__TASK ITEM__.
All the lines below need retyping exactly, apart from the images.

__DATASET CONTENT__.
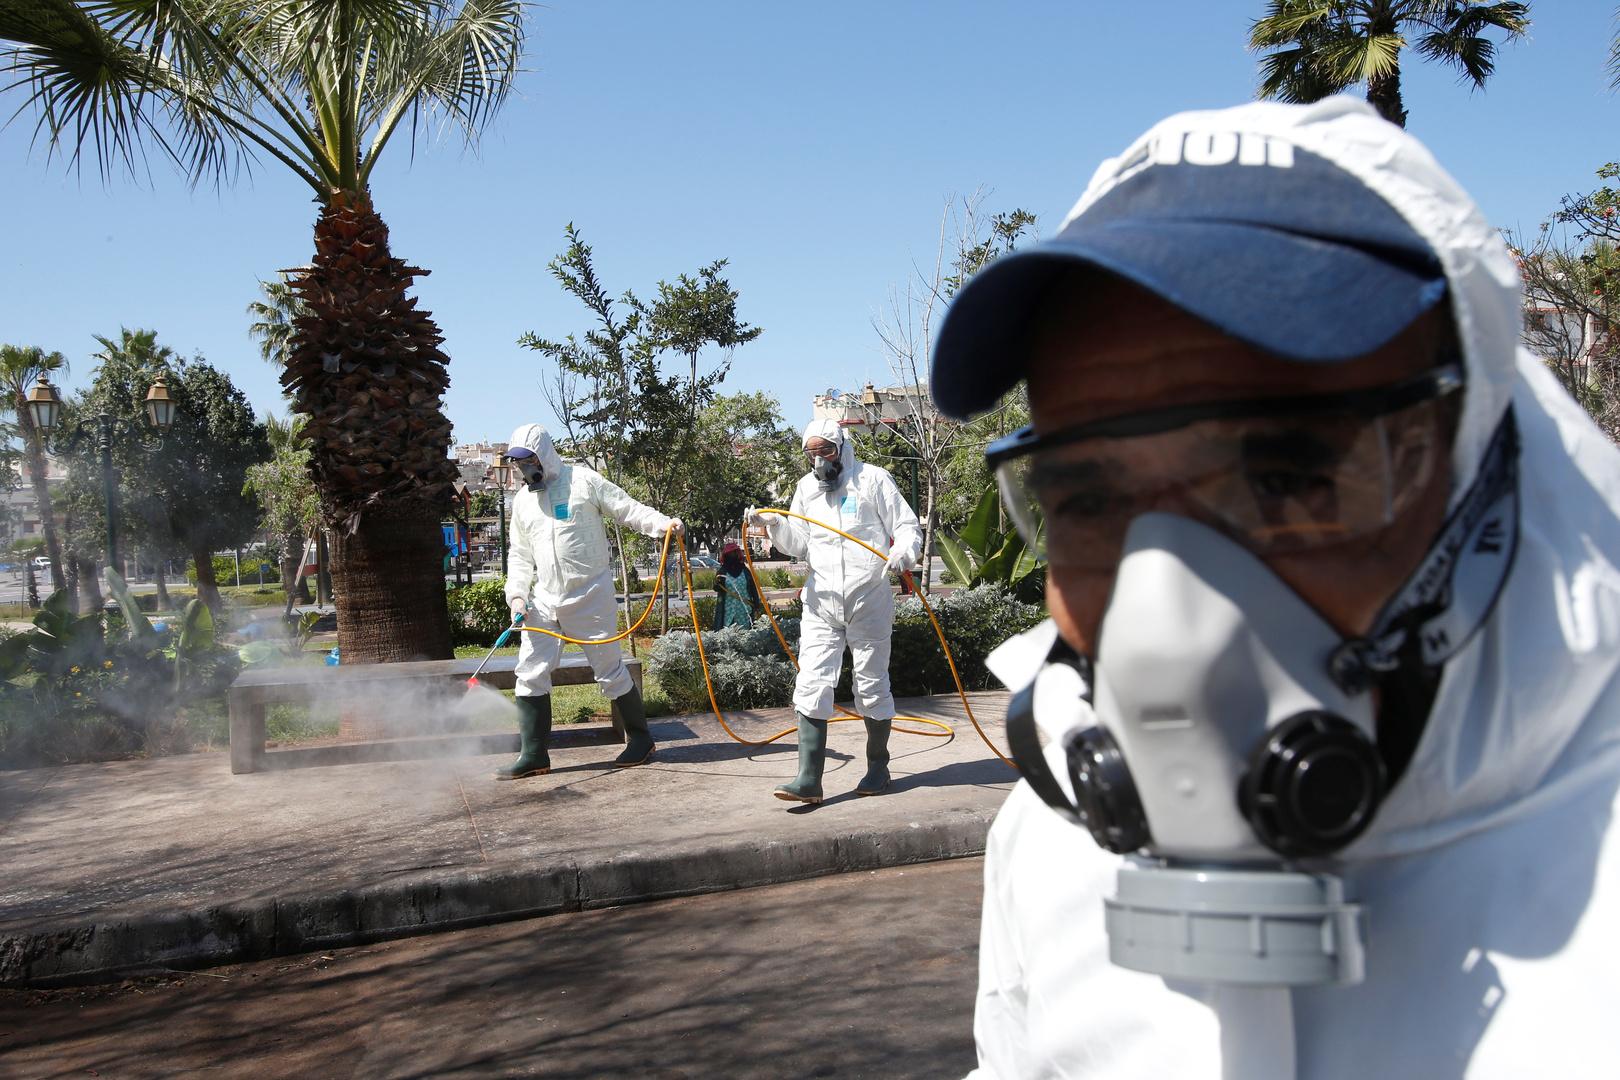 المغرب يسجل 2533 إصابة بكورونا في تراجع كبير لعدد الإصابات
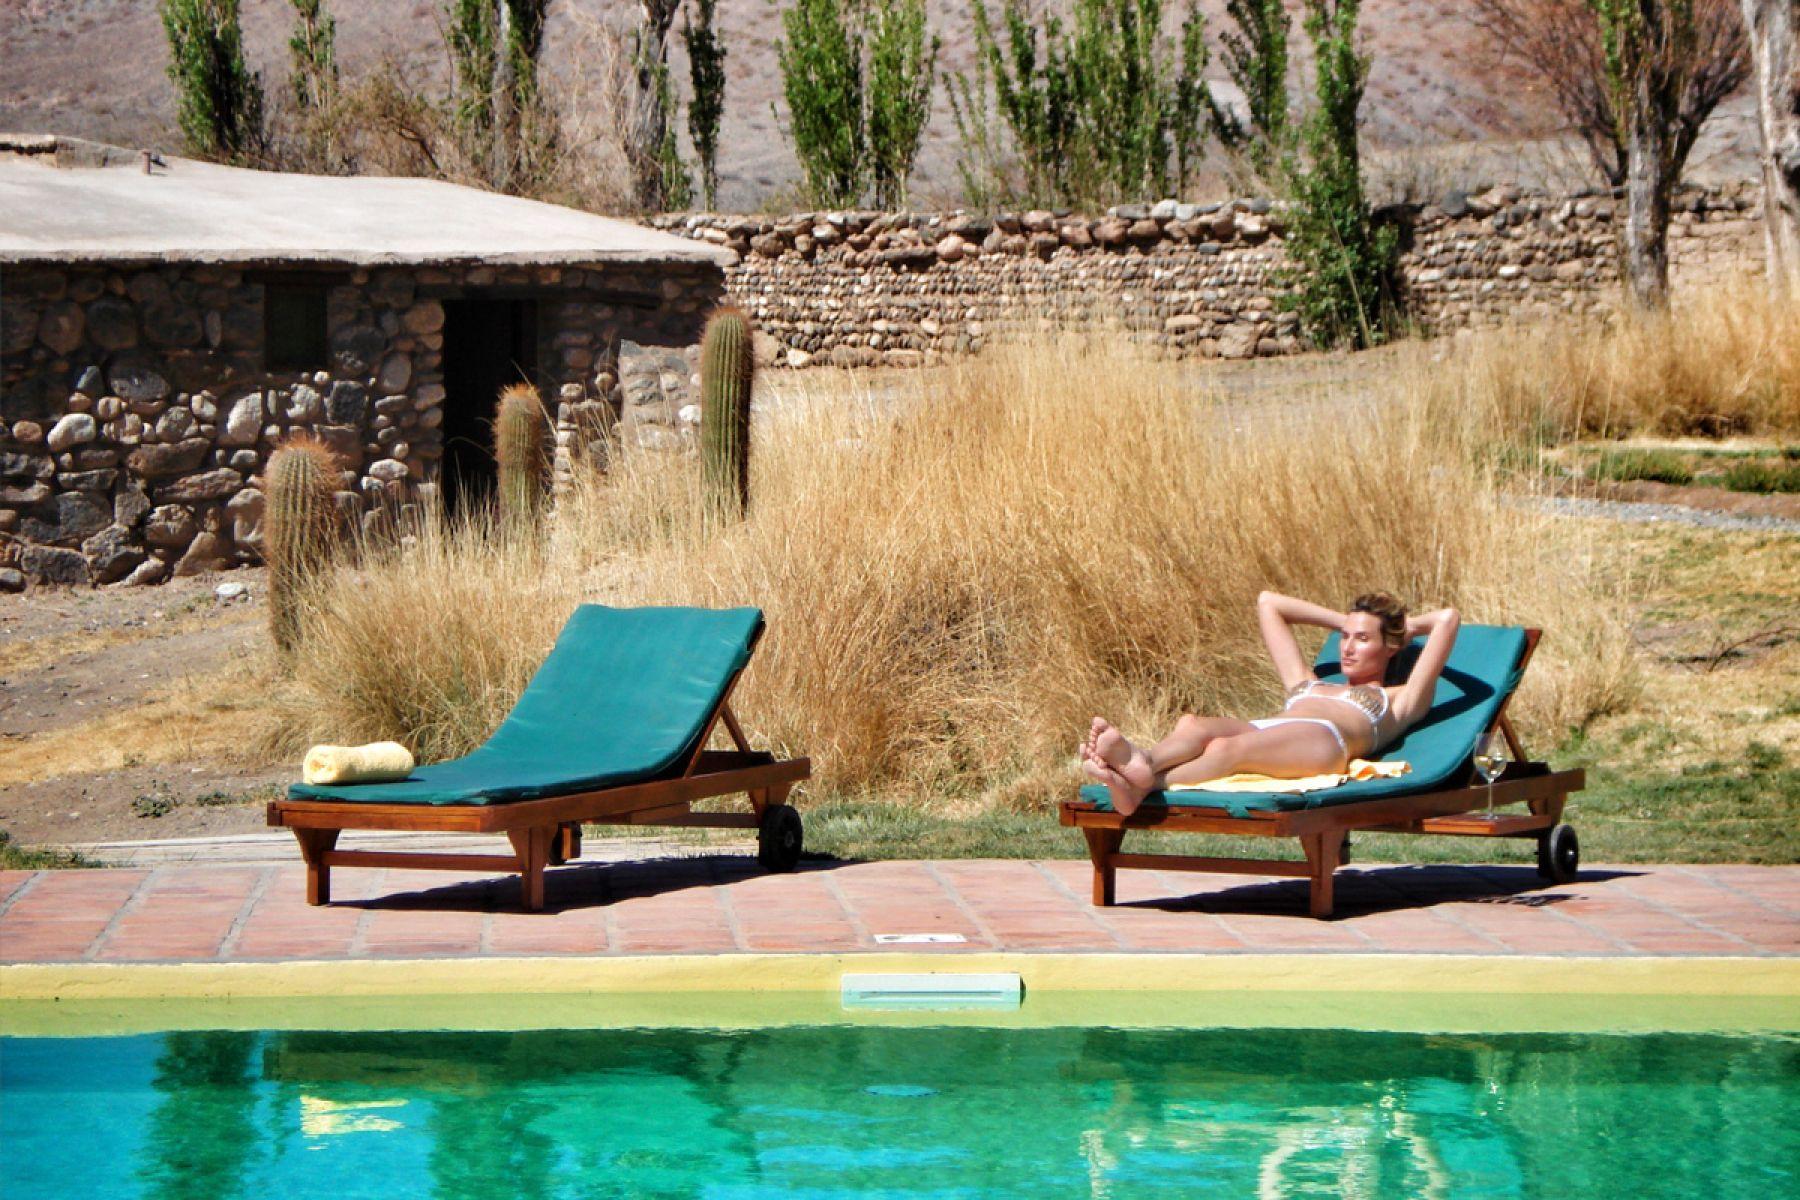 La merced del alto galer a de fotos del hotel la merced for Follando en la piscina del hotel
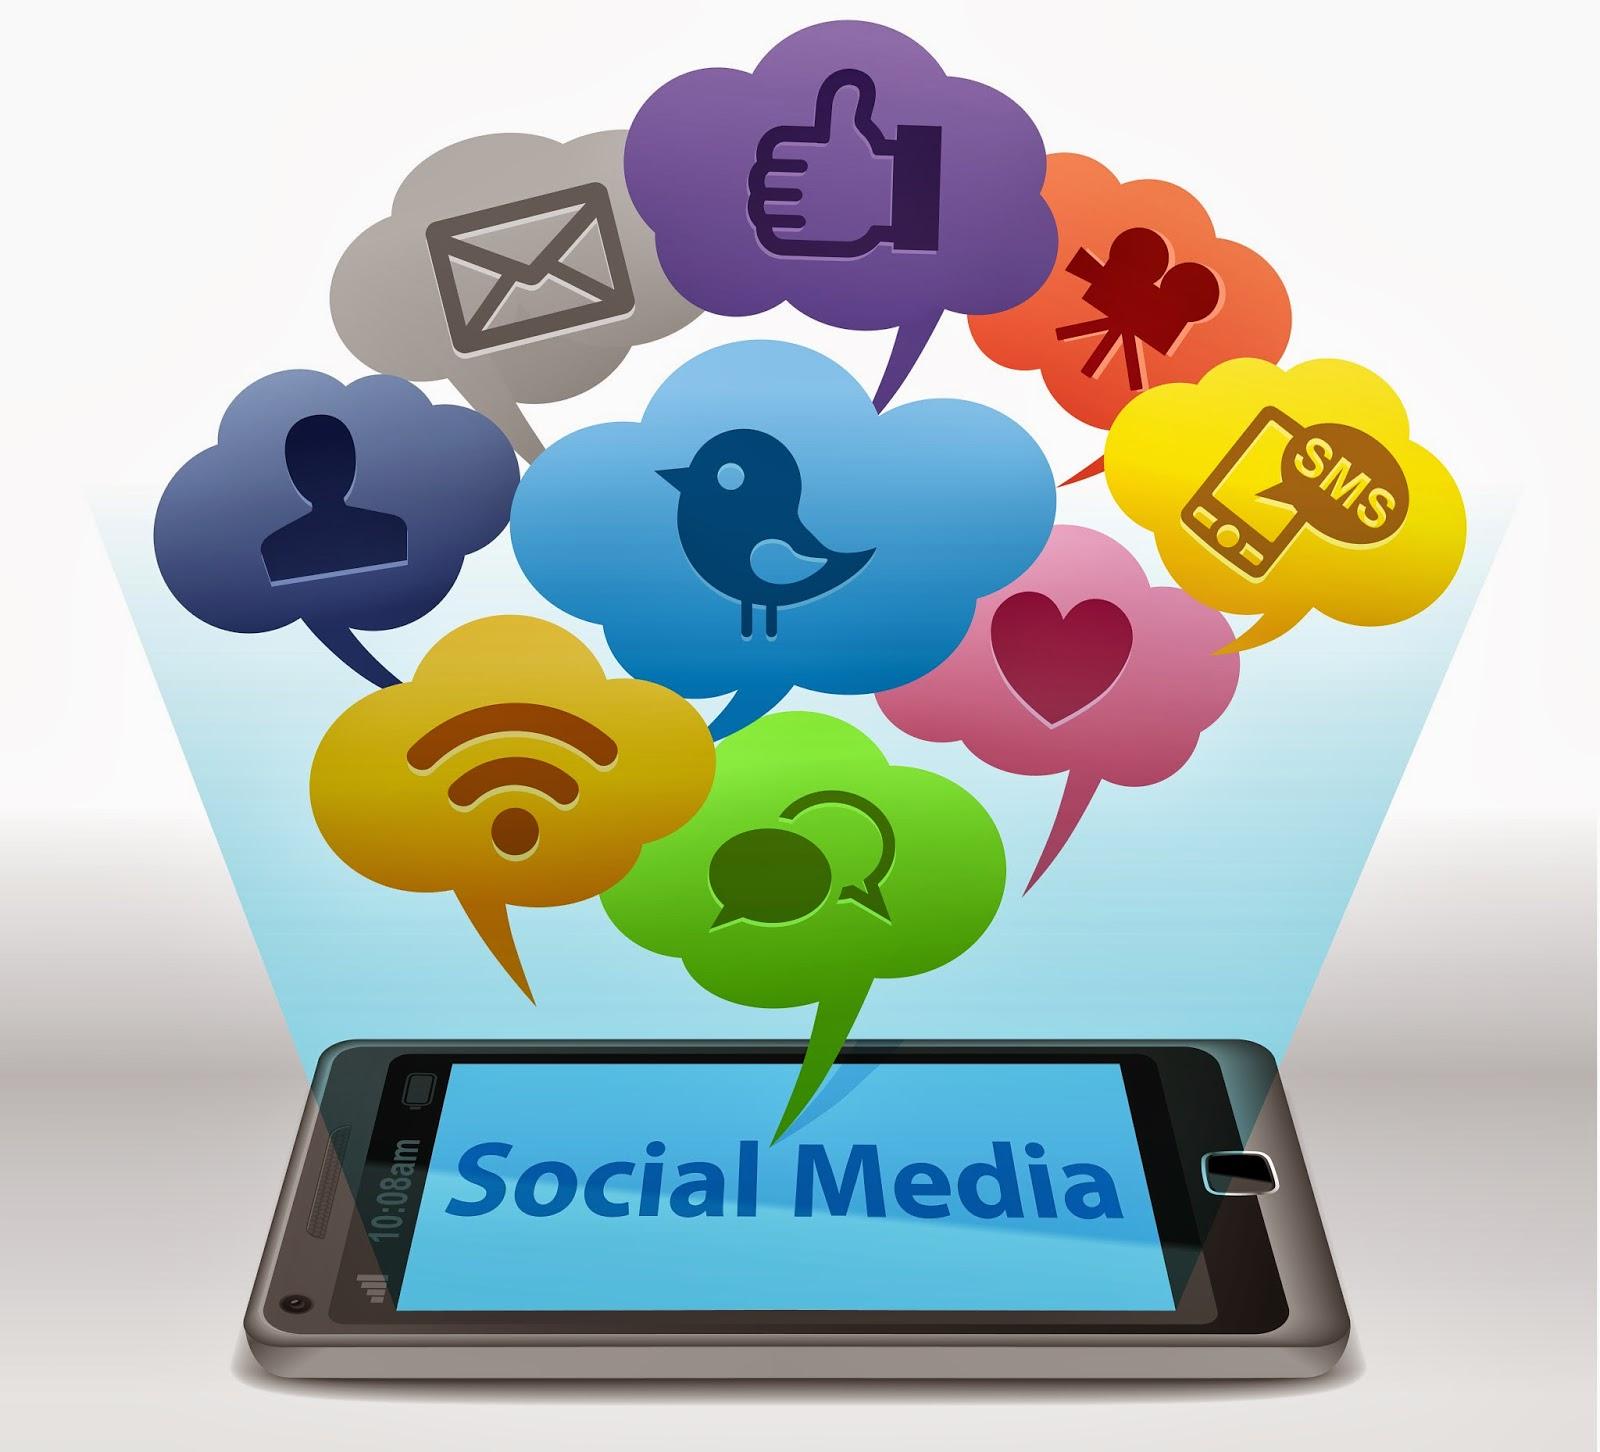 datos cifras Social Media estadísticas redes sociales

__SOLUTION__.
 المغرب يسجل 2533 إصابة بكورونا في تراجع كبير لعدد الإصابات
 La merced del alto galer a de fotos del hotel la merced for Follando en la piscina del hotel
 datos cifras Social Media estadísticas redes sociales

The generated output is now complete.